I guess we have more in common with our monkey friends than most of us care to admit. We both struggle to live with open hands, and our greedy, desperate clutching after God’s gifts leads us both to live lives that are far from free.

We were created to enjoy the gifts that God gave us so graciously; however, we weren’t created to have the death grip that we now have on God’s gifts, namely relationships.

A.W. Tozer beautifully captures the way things were intended to be.

“Before the Lord God made man upon the earth, He first prepared for him a world of useful and pleasant things for his sustenance and delight. In the Gensis account, these were simply ‘things,’ They were made for man’s use, but they were meant always to be external to the man and subservient to him.”

Relationships are gifts to be enjoyed in the presence of God and under the principles He set in place. Yet so often, we try to greedily snatch them and hide them away from His presence with clenched fists. When we do so, we are enlsaving ourselves, just like the silly monkeys.

A.W. Tozer further explains this huge problem in the second chapter of The Pursuit of God. 

“The roots of our hearts have grown deep down into things, and we dare not pull up one rootlet lest we die. Things have become necessary to us, a development never originally intended. God’s gifts now take the place of God and the whole course of nature is upset by the monstrous substition.”

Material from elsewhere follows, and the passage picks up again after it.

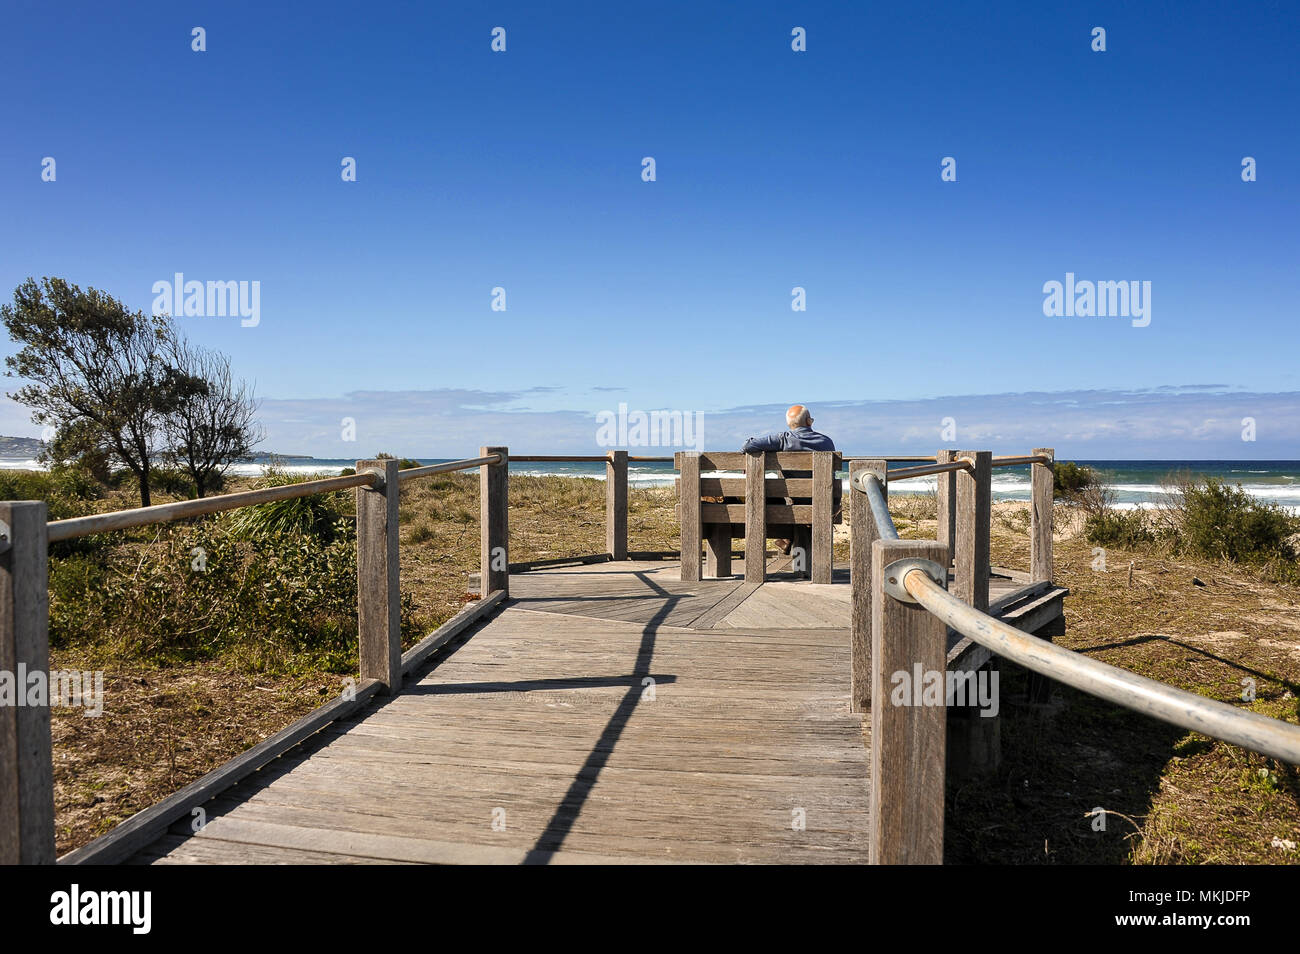 L'homme se détend sur banc en bois, à regarder les vagues le long de Seven Mile Beach, Australie. Scène côtière, promenade en bois, dunes herbeuses et ciel bleu Banque D'Images

How, then, do we learn to live again with open hands that can enjoy God’s gifts without worshipping them in place of the Giver?

We must first recognize when our hands are stuck in the jar. When we are clutching so tightly to a romantic relationship (or even the potential of one), a spouse, a friend, a child or a parent that we are paralyzed in fear or control or perfectionism, the gifts have usurped the Giver.

We need not feel shocked or ashamed, for God is neither. He knew the deep sin-sickness of the human heart when we He willingly chose to die for those who spurned the Giver. He asks only that we repent and believe; that we loosen the death grip we have on His gifts, particularly the people we most love.

Tozer explains why this loosen of our grip is so challenging when he writes the following:

“We are often hindered from giving up our treasure to the Lord out of fear for their safety. This is especially true when those treasures are loved relatives and friends. But we need have no such fears. Our Lord came not to destroy but to save. Everything is safe which is committed to Him, and nothing is really sage which is not committed.”

Despite all the lies we believe, our treasures are safest when brought back into the presence of the Giver. When He has first place, when He has control, we get both the gift and Giver. We get to enjoy our relationships with open hands, ultimately placing our hope and well-being, as well as their’s, into His care.

What gifts or relationships are you gripping so tightly as to be stuck?

What would it look like to entrust those back into the hands of the Giver?

A full forest of gifts await us, if only we could open our hands and step away from the jars that trap and paralyze us.

The good news is that God is committed to our freedom and will help to unwrap our fingers from the gifts that we clutch out of fear.

Lord, you are both Giver and gift. We so desperately want to live with open hands that are able to enjoy the gifts you give in Your presence. Unwrap our fingers and hearts from the objects and people we love most; they are safest in Your hands and we are most free when we hold them loosely. We need your grace to trust and release. Amen.